(Information shown):
────────────────────────────────────────

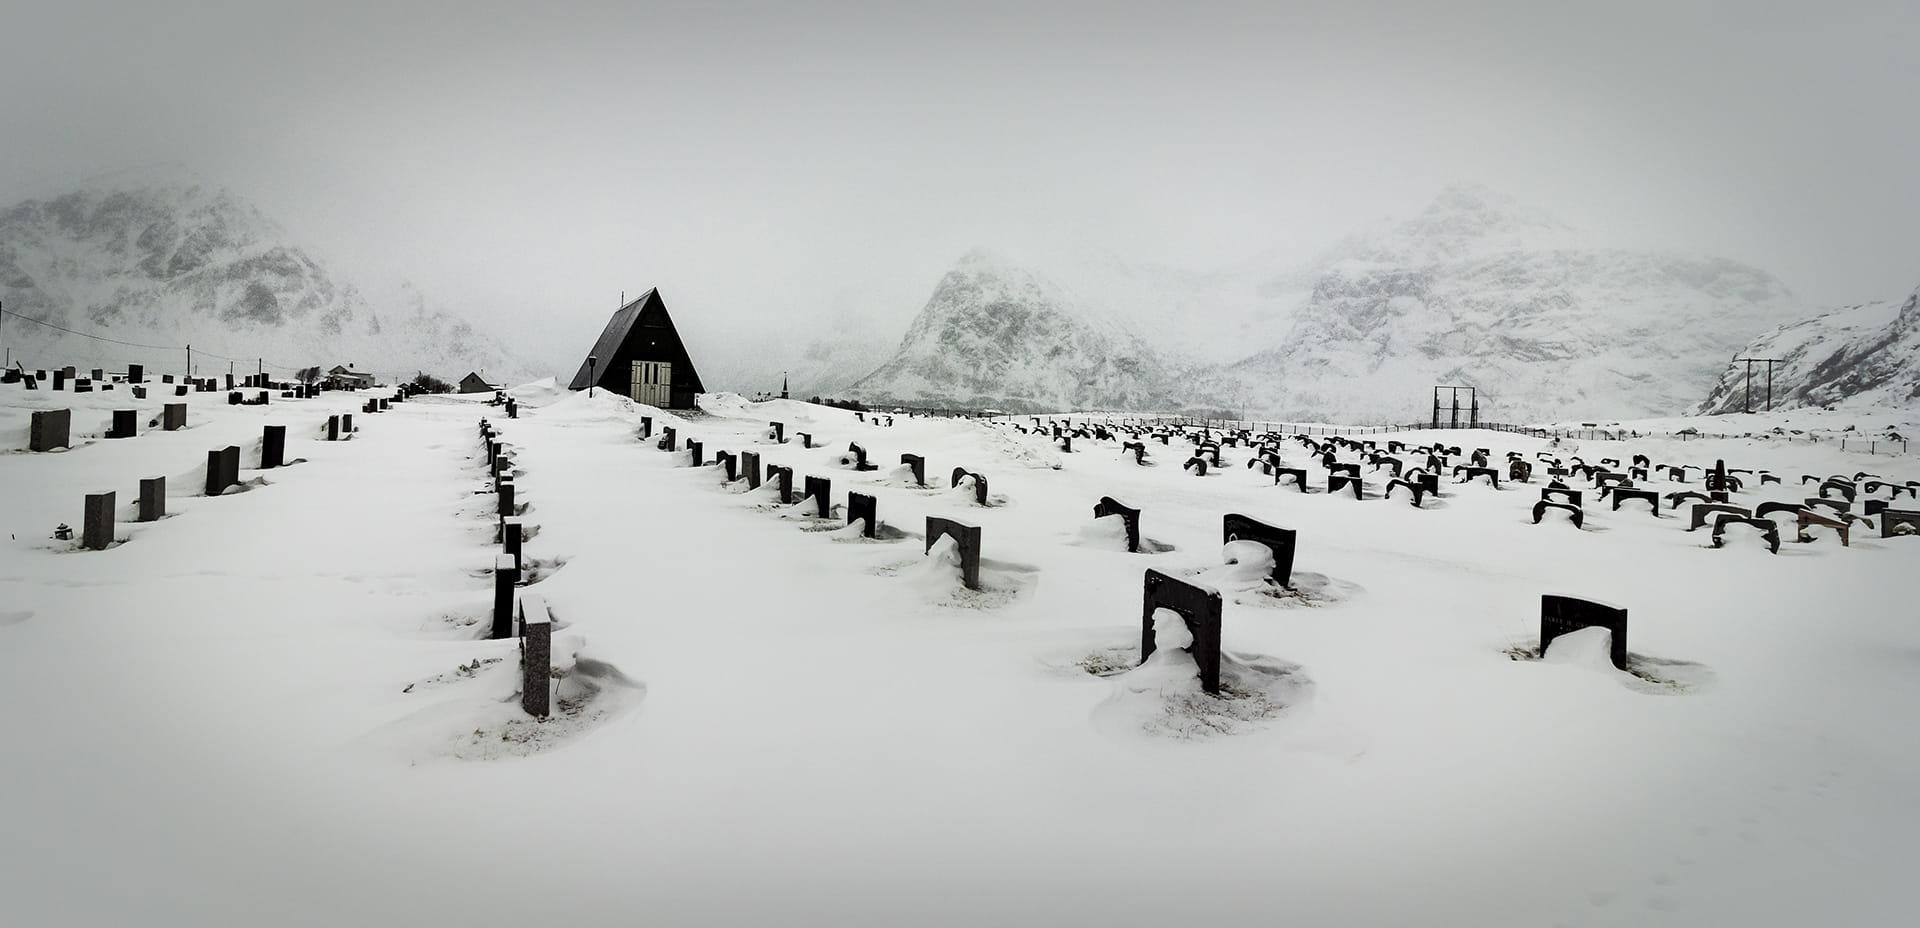 cementerio blanco
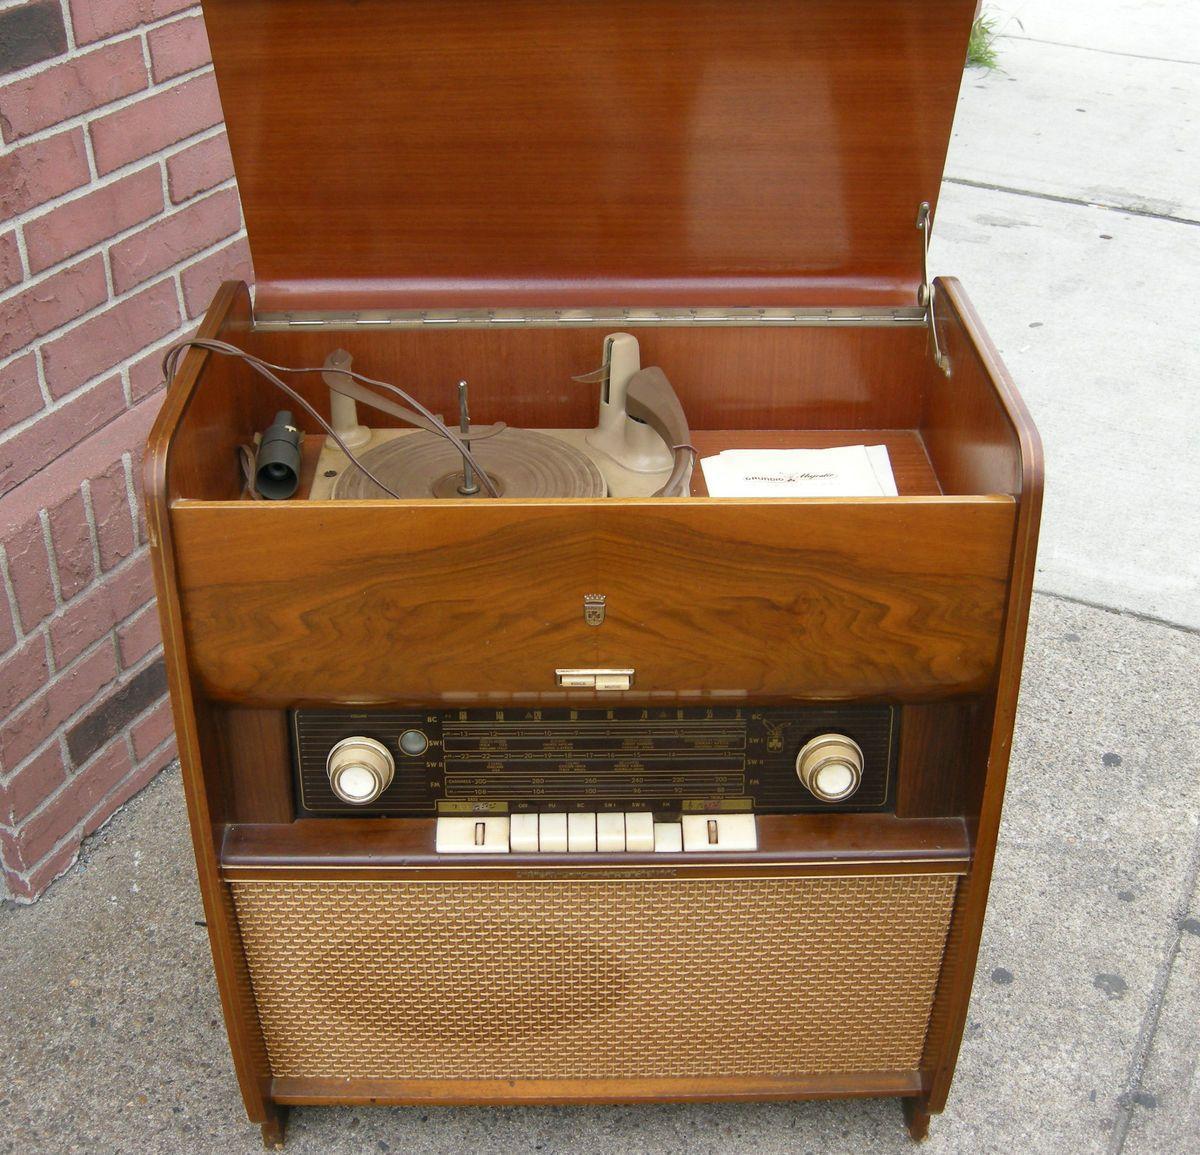 Vintage Grundig Majestic 7000 Stereo Console Phonograph Tube Radio w
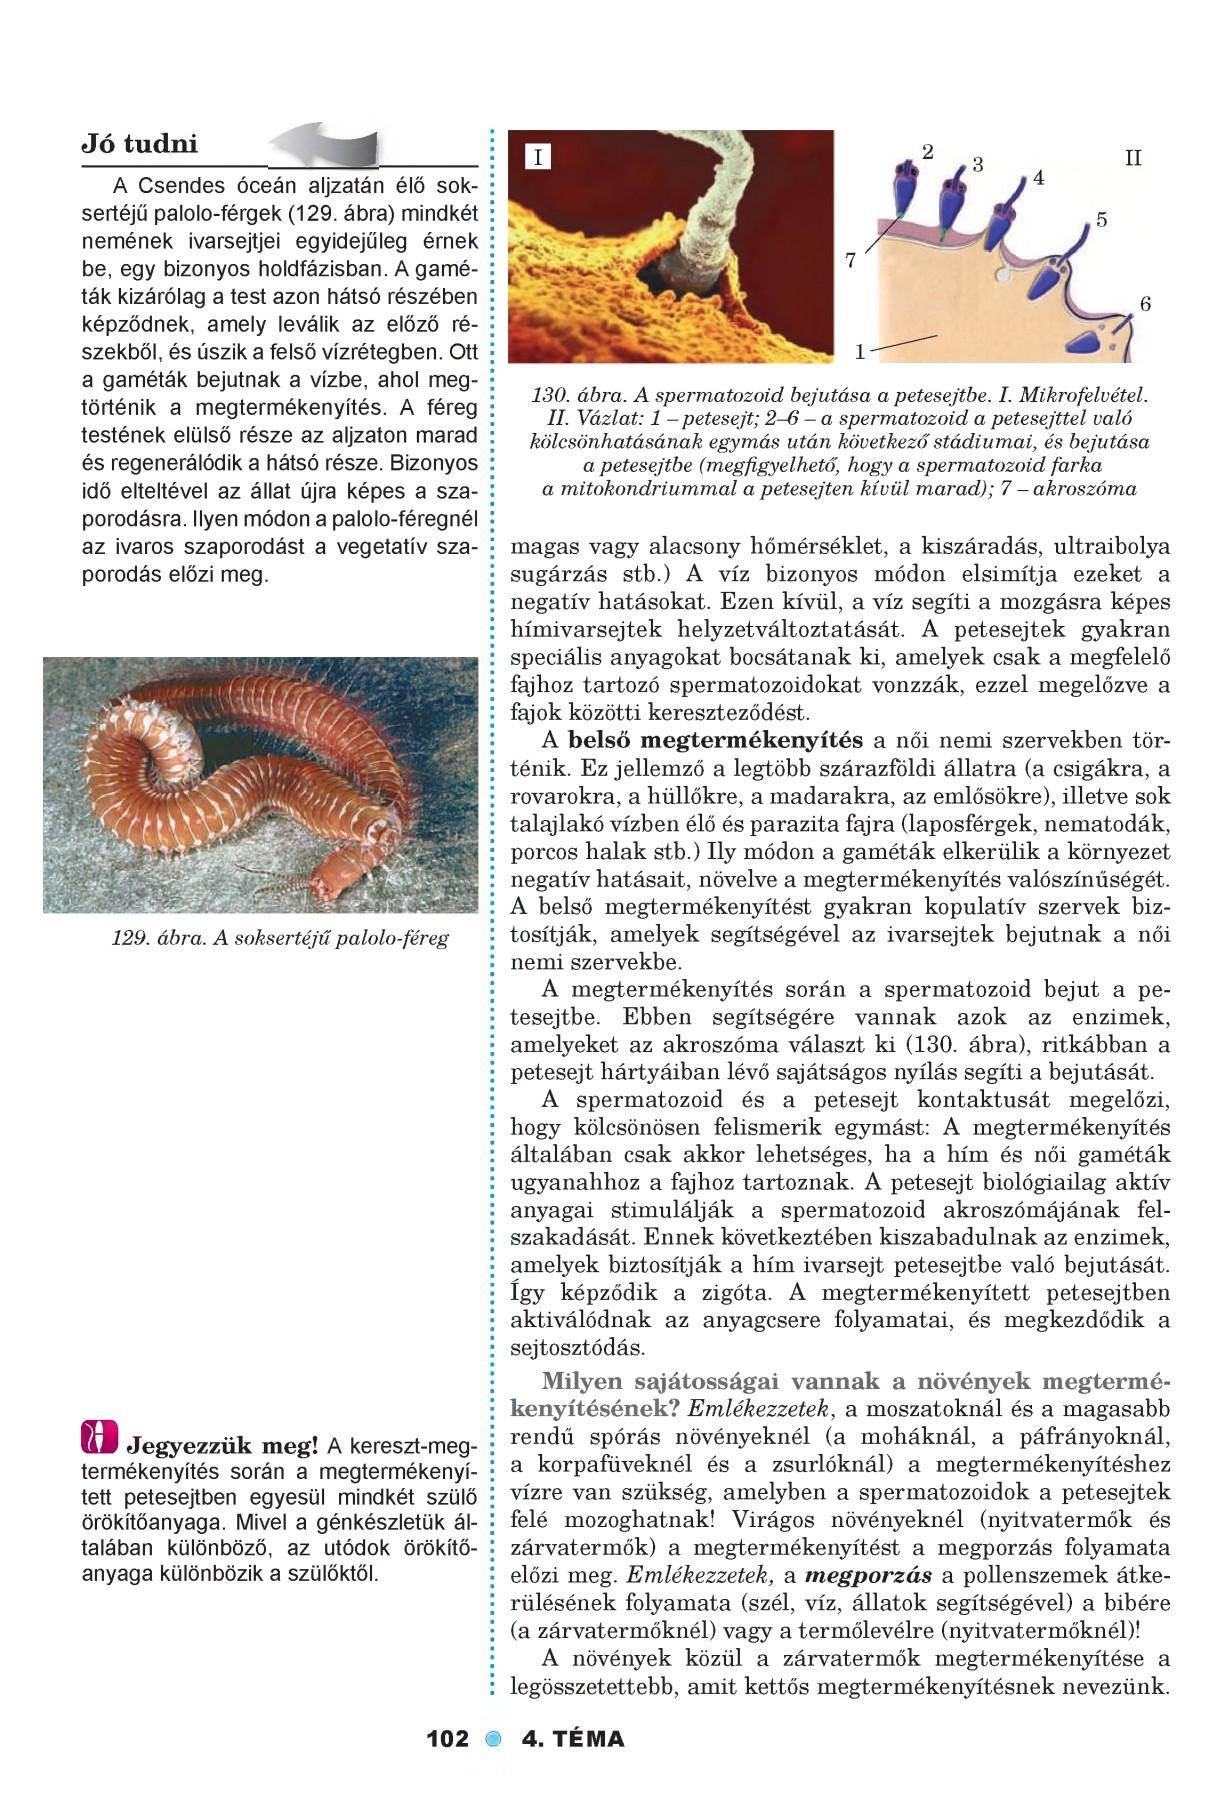 petesejtek paraziták tünetei

────────────────────────────────────────

Would you restate word for word only the lines from the one containing "Vintage Grundig Majestic" to the final line of the material, both ends included, without any pictures?

(Answer box):
 Vintage Grundig Majestic 7000 Stereo Console Phonograph Tube Radio w
 petesejtek paraziták tünetei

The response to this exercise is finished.